Justification. Bacteria of the genus Staphylococcus are conditionally pathogenic microorganisms capable of causing purulent-septic diseases. Testing for biofilm (BF) formation can be a useful marker of staphylococcal pathogenicity and have great clinical significance; especially in the chronic course of staphylococcal infections.

The aim. To study the kinetics of growth and the dynamics of BF formation by bacterial strains of the genus Staphylococcus.

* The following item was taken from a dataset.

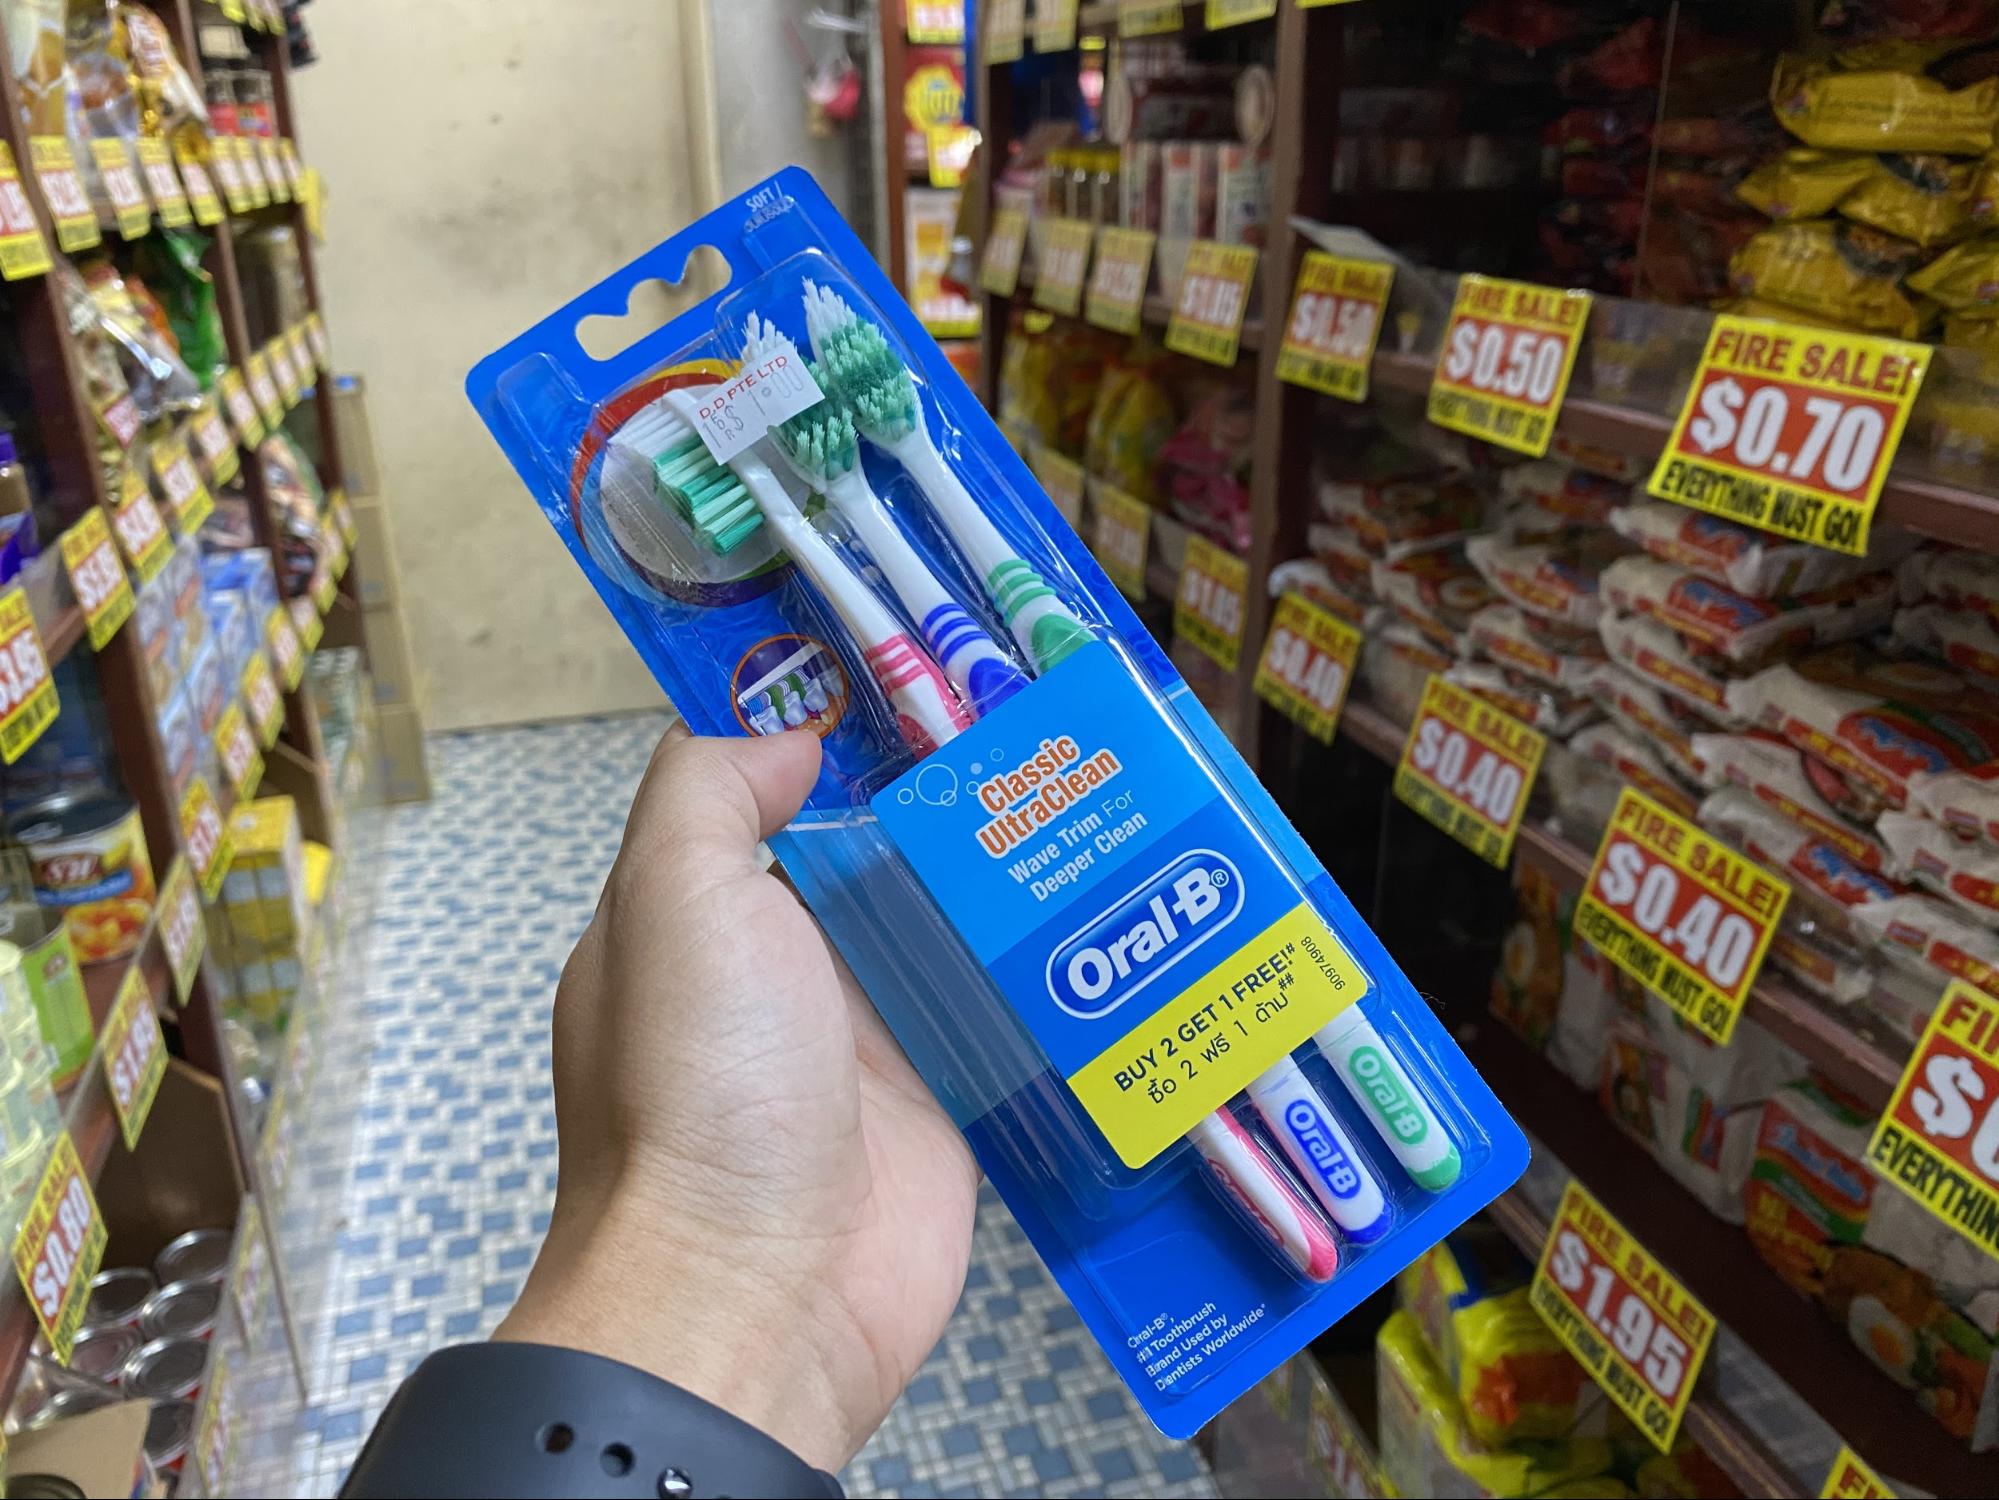 Oral-B toothbrushes at the value dollar store.

Materials and methods. Ten Staphylococcus strains from the working collection of the Microbiome and Microecology Laboratory of the Scientific Сentre for Family Health and Human Reproduction Problems were used. The measurement of optical density (OD); growth rate; determination of the total microbial number; and assessment of the morphological structure of BFs were carried out for three clinically significant species: Staphylococcus aureus (three strains); S. epidermidis (two strains); and S. haemolyticus (five strains). Sampling was carried out after 2; 4; 8; 10; and 24 h of cultivation.

Results. The OD of the starting culture for all tested strains was 0.08 optical units. All tested strains showed comparable growth and a general tendency toward biofilm formation. The stationary phase was achieved after 8 h of cultivation with a total microbial number of more than 8 lg CFU/mL and an OD of 0.216–0.329 units. Cell adhesion to the surface was recorded after 4–6 h of incubation; and after 8 h; the formation of an inhomogeneous BFs was observed. After 10 h; the biofilm structure was reorganized; and after 20 h of incubation; the BFs were completely destroyed; while the total microbial number decreased with a simultaneous increase in OD from 0.288 to 0.562 units due to the transition of the destroyed cells to a suspended state.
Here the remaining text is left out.